All analyses were conducted as intent-to-treat analyses using SAS/STAT, version 9.4 (SAS Institute, Cary, NC) and SPSS, version 21.0. Analysis of variance and chi-square tests were used to compare the distribution of baseline characteristics between the intervention and the control group. Marginal linear models and generalized estimating equations were used to analyze outcomes measured over time, and the restricted maximum likelihood and maximum likelihood estimation approaches were used to account for the longitudinal nature of the data and to handle missing data. The SAS PROC GLIMMIX procedure was used for continuous variables, and the PROC GENMOD procedure was used for binary variables. Likelihood ratio tests were conducted to evaluate a meaningful and reasonable symmetric covariance structure for each marginal linear model. For each outcome measure, the model assessed the outcome as a function of randomization, time since randomization, and group-by-time interaction. The group-by-time interaction, which reflects the relative difference in change in the parameters over time, was the primary measure of statistical significance.
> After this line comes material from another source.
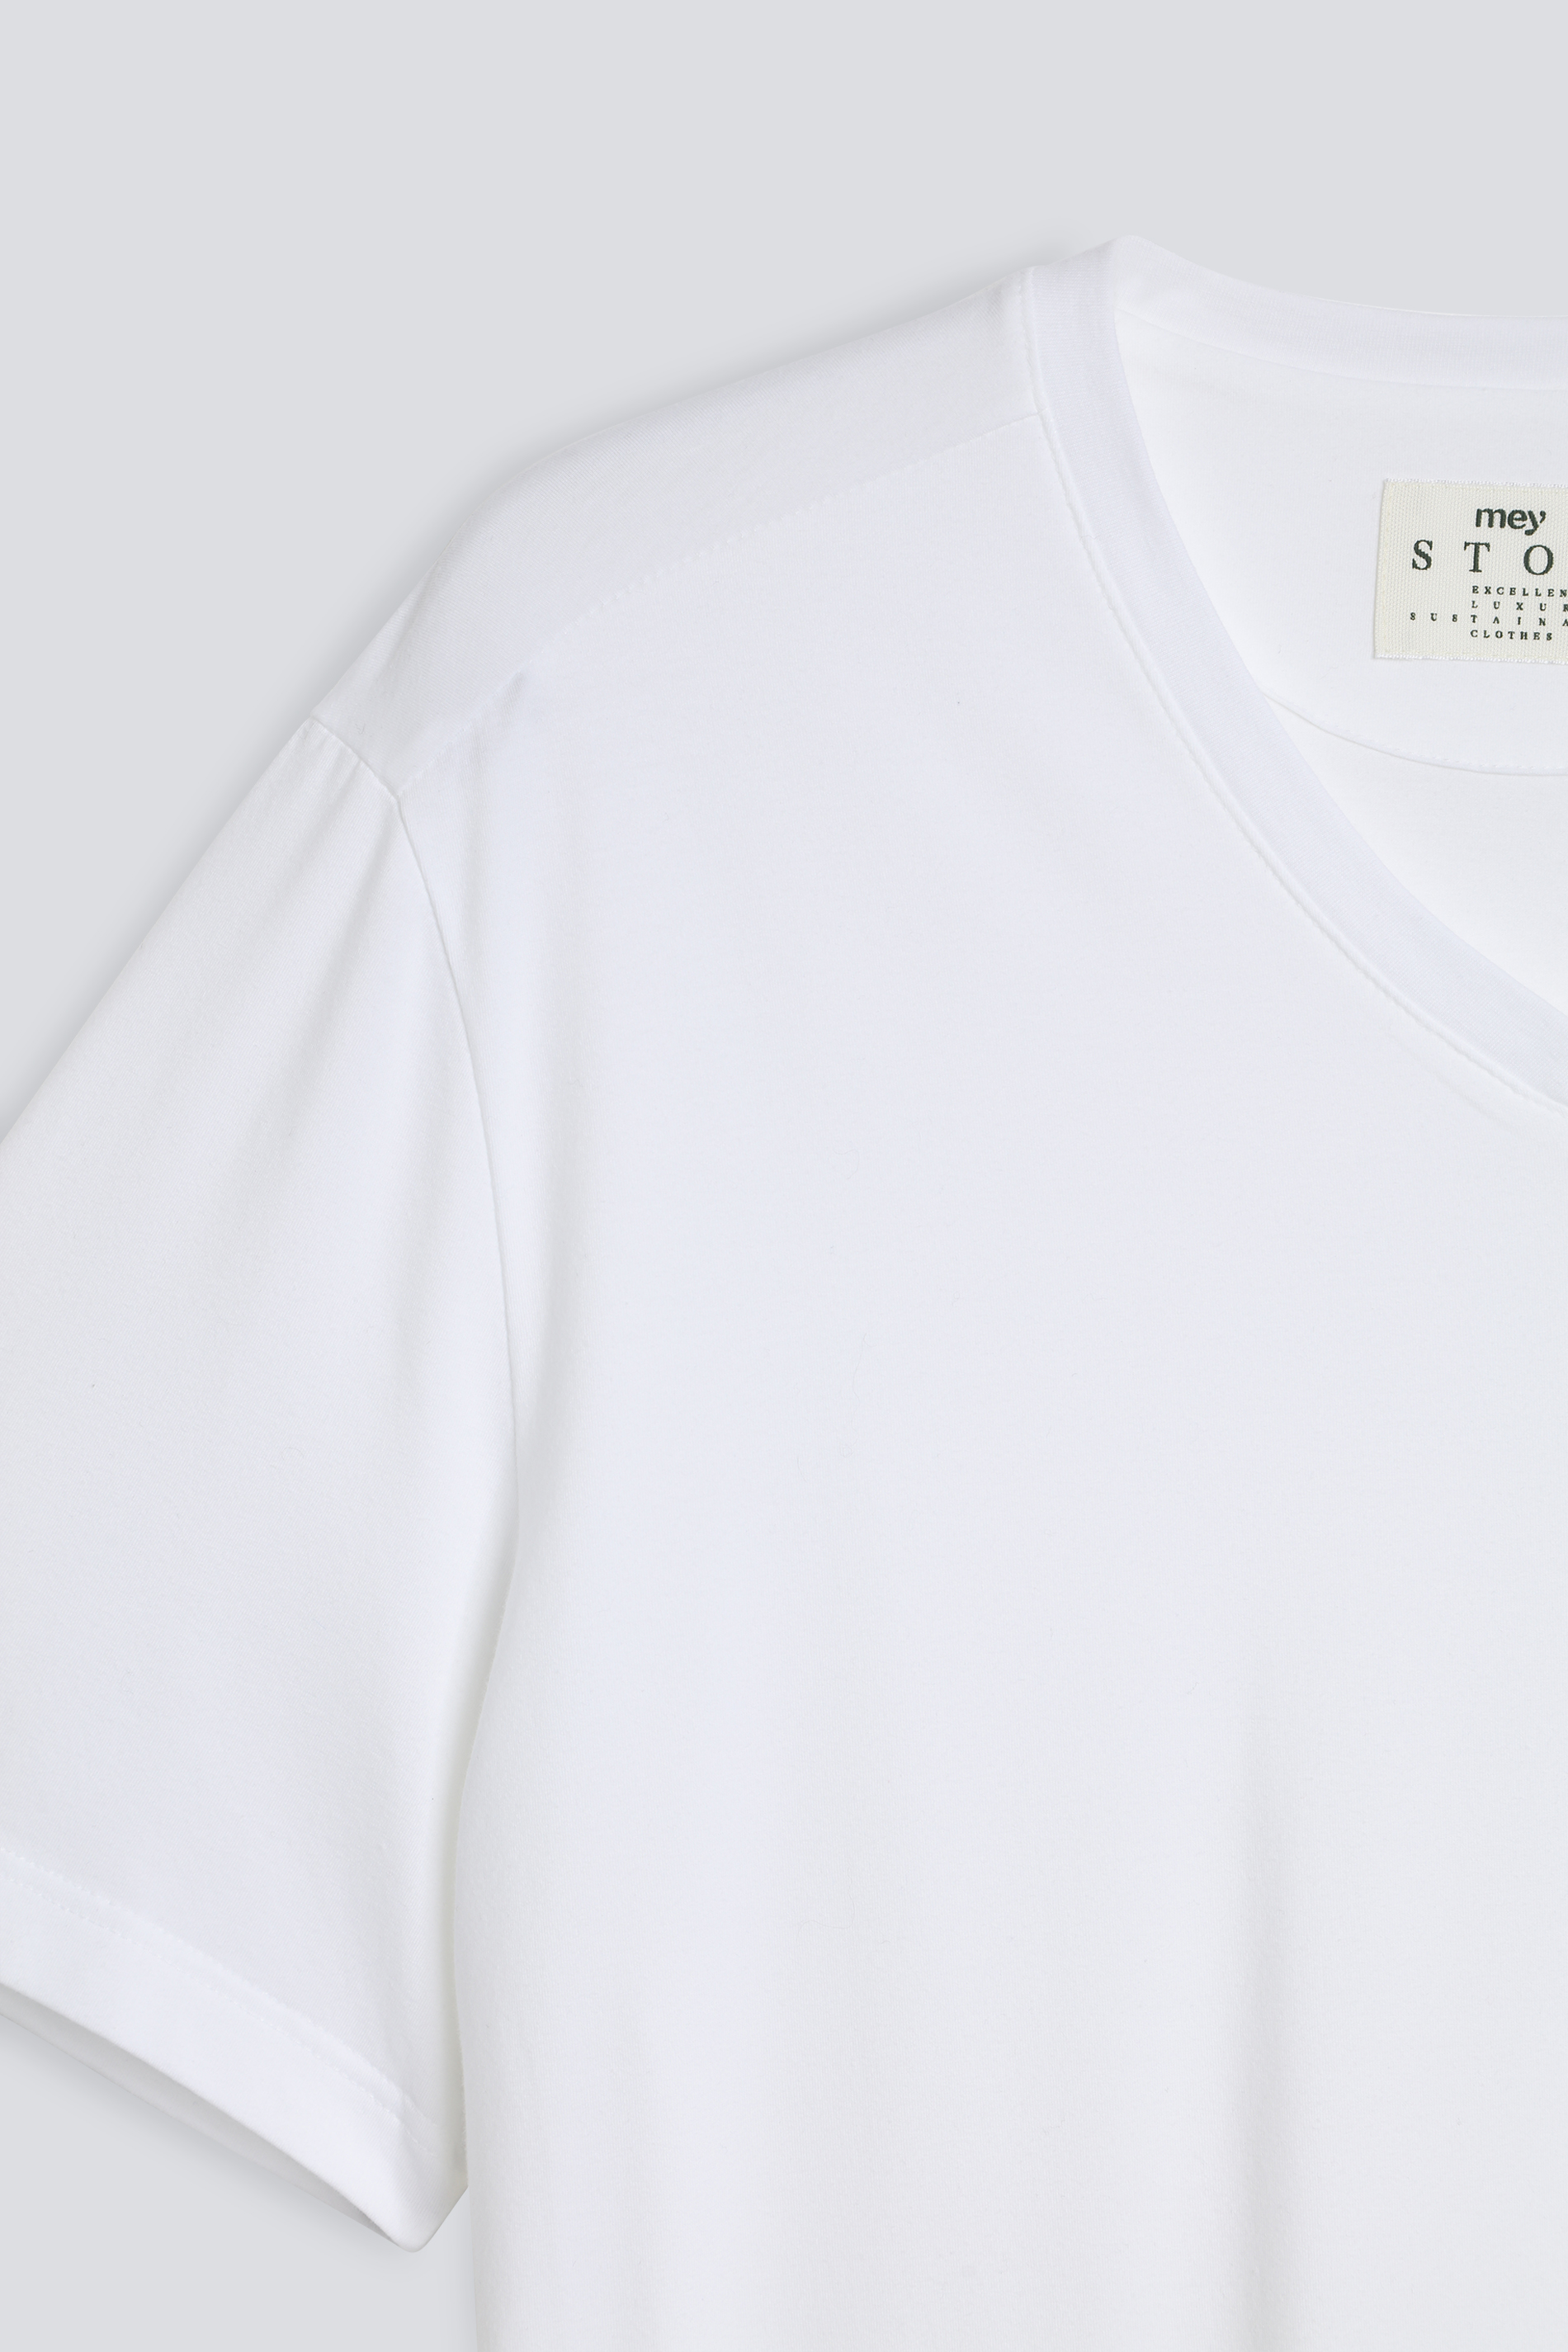 T-Shirt Serie Cotone Strech Detailansicht 01 | mey®
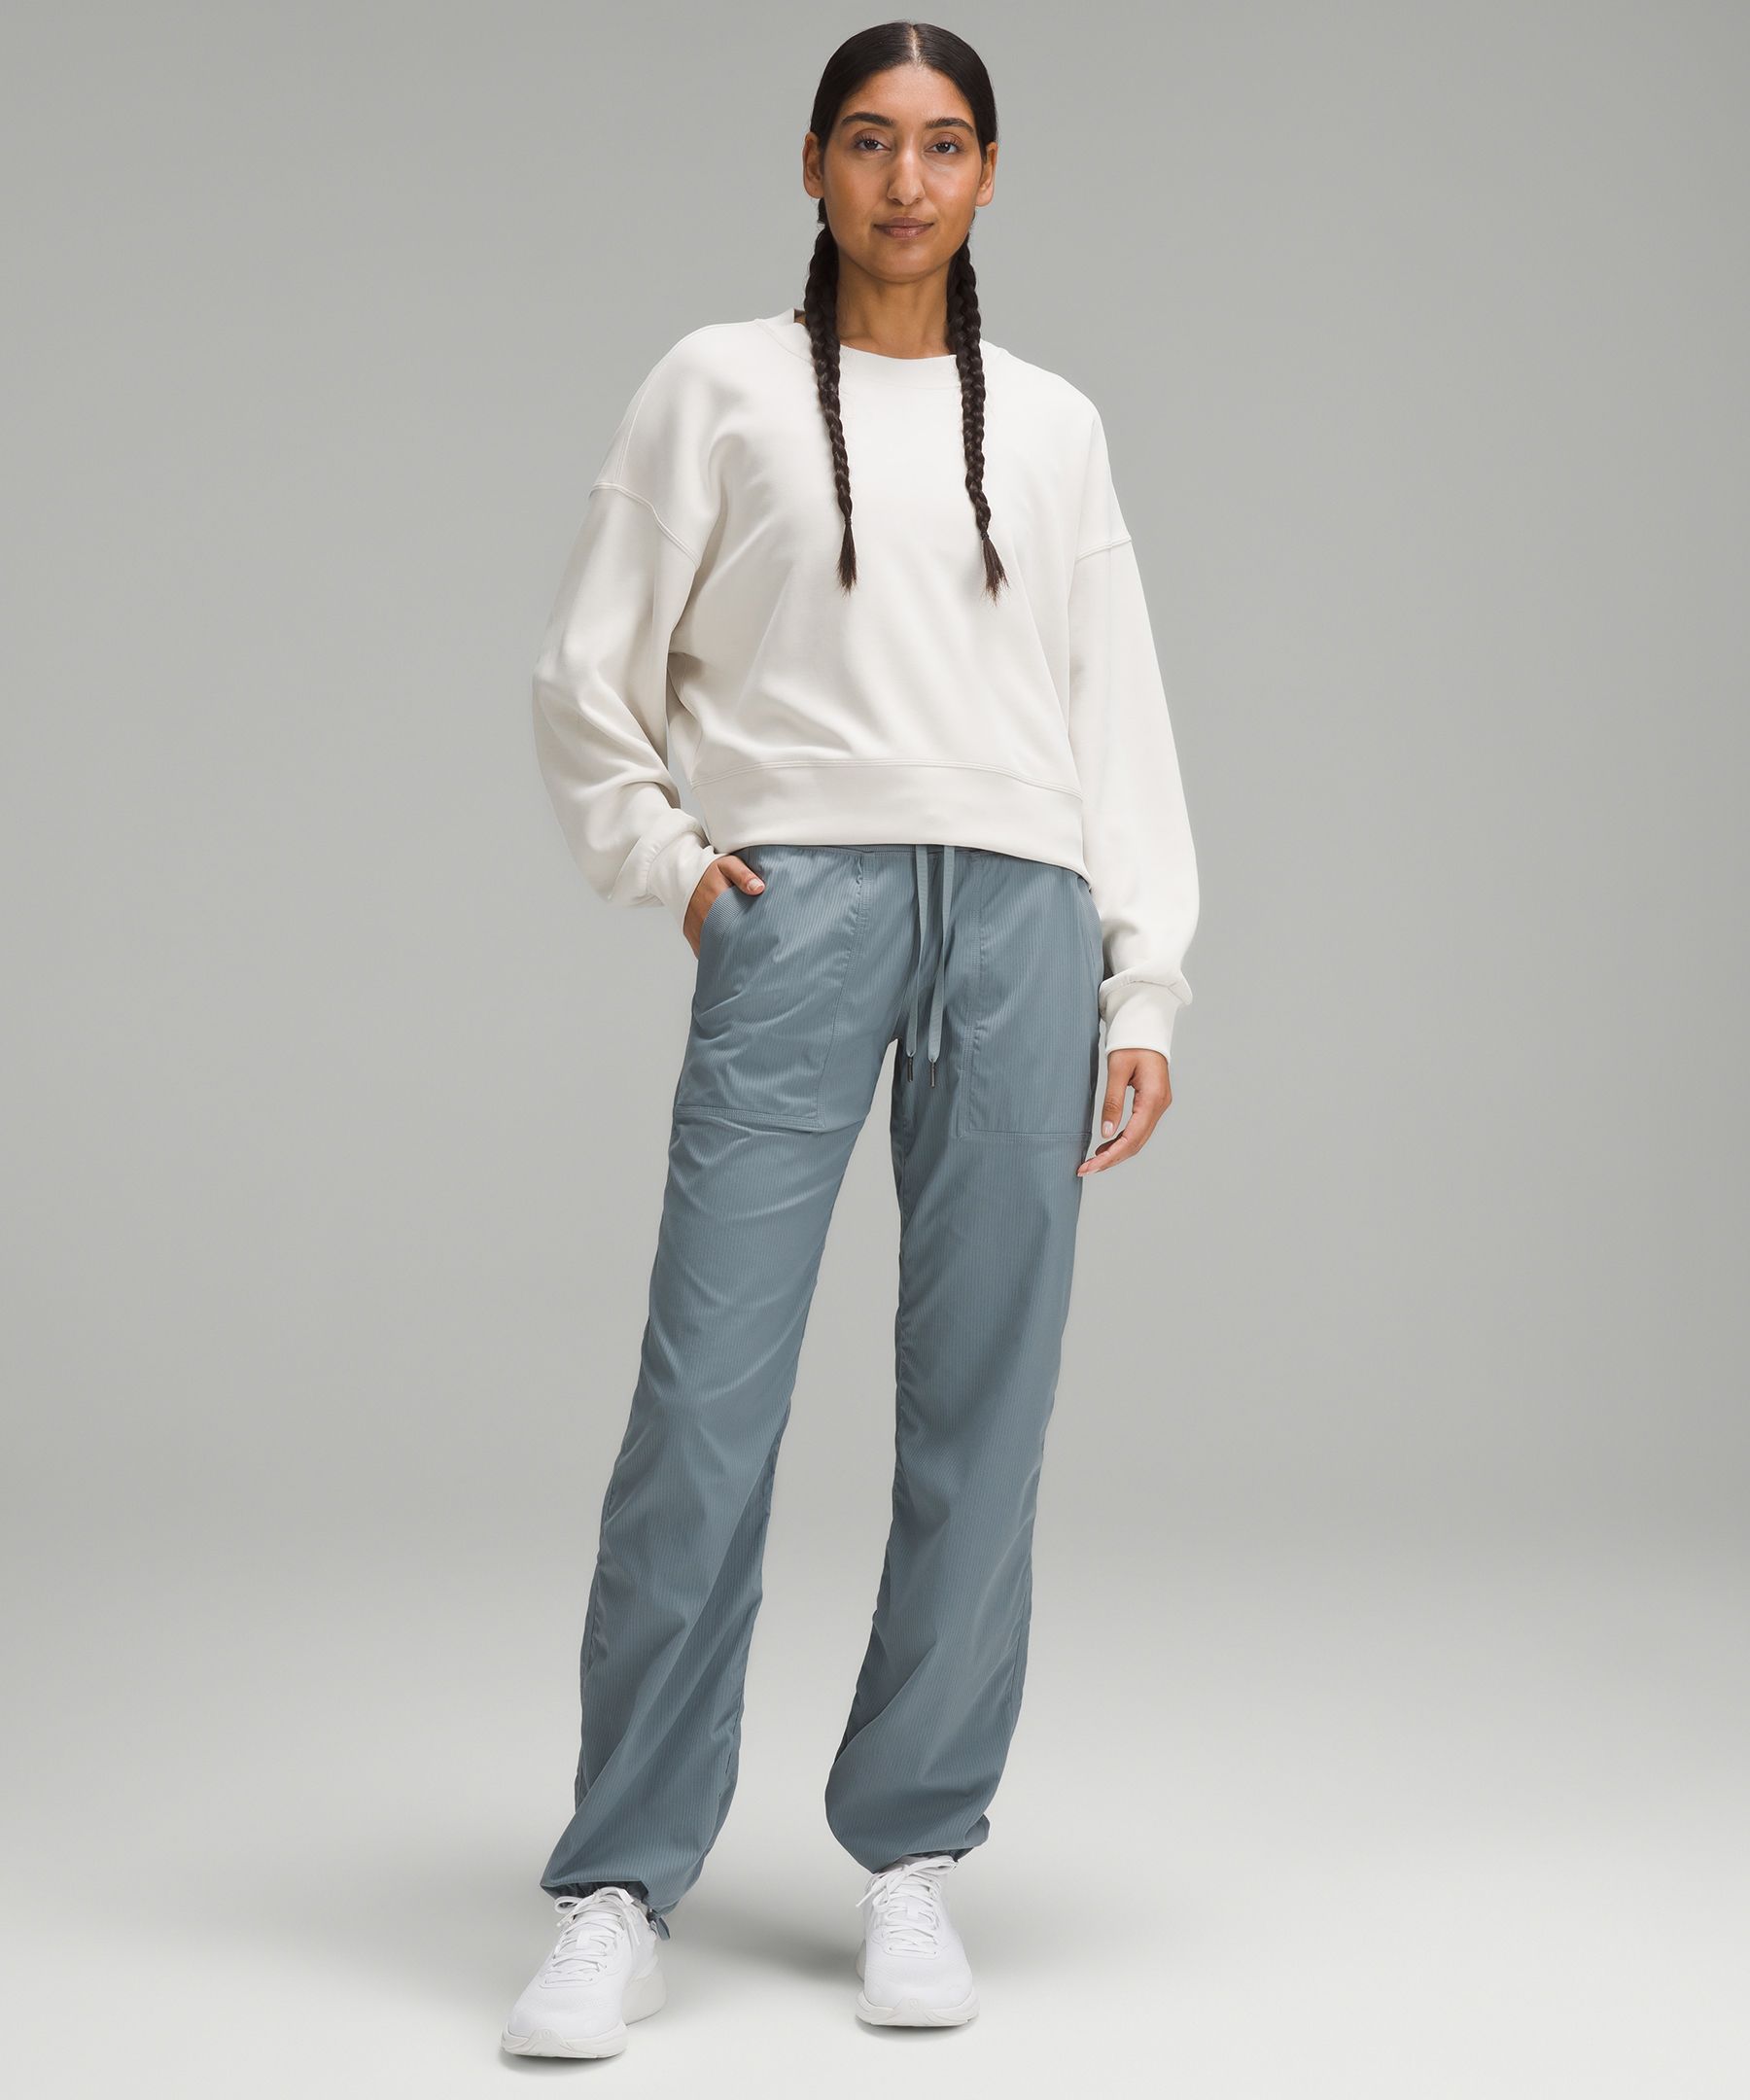 Lululemon Size 4 Studio Pants III (Regular) in Gray Style W5AESR

To assess whether there was a differential effect by study site or baseline patient characteristics, moderator analyses were conducted for clinic site, cardiometabolic disease morbidity (one versus two or more cardiometabolic conditions), and smartphone ownership status at the time of enrollment. Analyses examined the interaction of group, time, and moderator across each of these categories.

To account for possible loss to follow-up or missing responses, multiple imputation procedures were performed as sensitivity analyses. Little’s missing completely at random (MCAR) test was used to examine the missing mechanism assumption for multiple imputation, and there was no evidence suggesting that the missing data were not missing completely at random (Little’s test p=0.73) (40). The multiple imputation model included all key analysis variables, variables that were correlated with the analysis variables, and variables that might predict missing data on the analytic variables. Twenty data sets were imputed using a fully conditional specification method. The variability between the estimates from the 20 imputations and those from the main analysis were minimal because missing data were missing completely at random.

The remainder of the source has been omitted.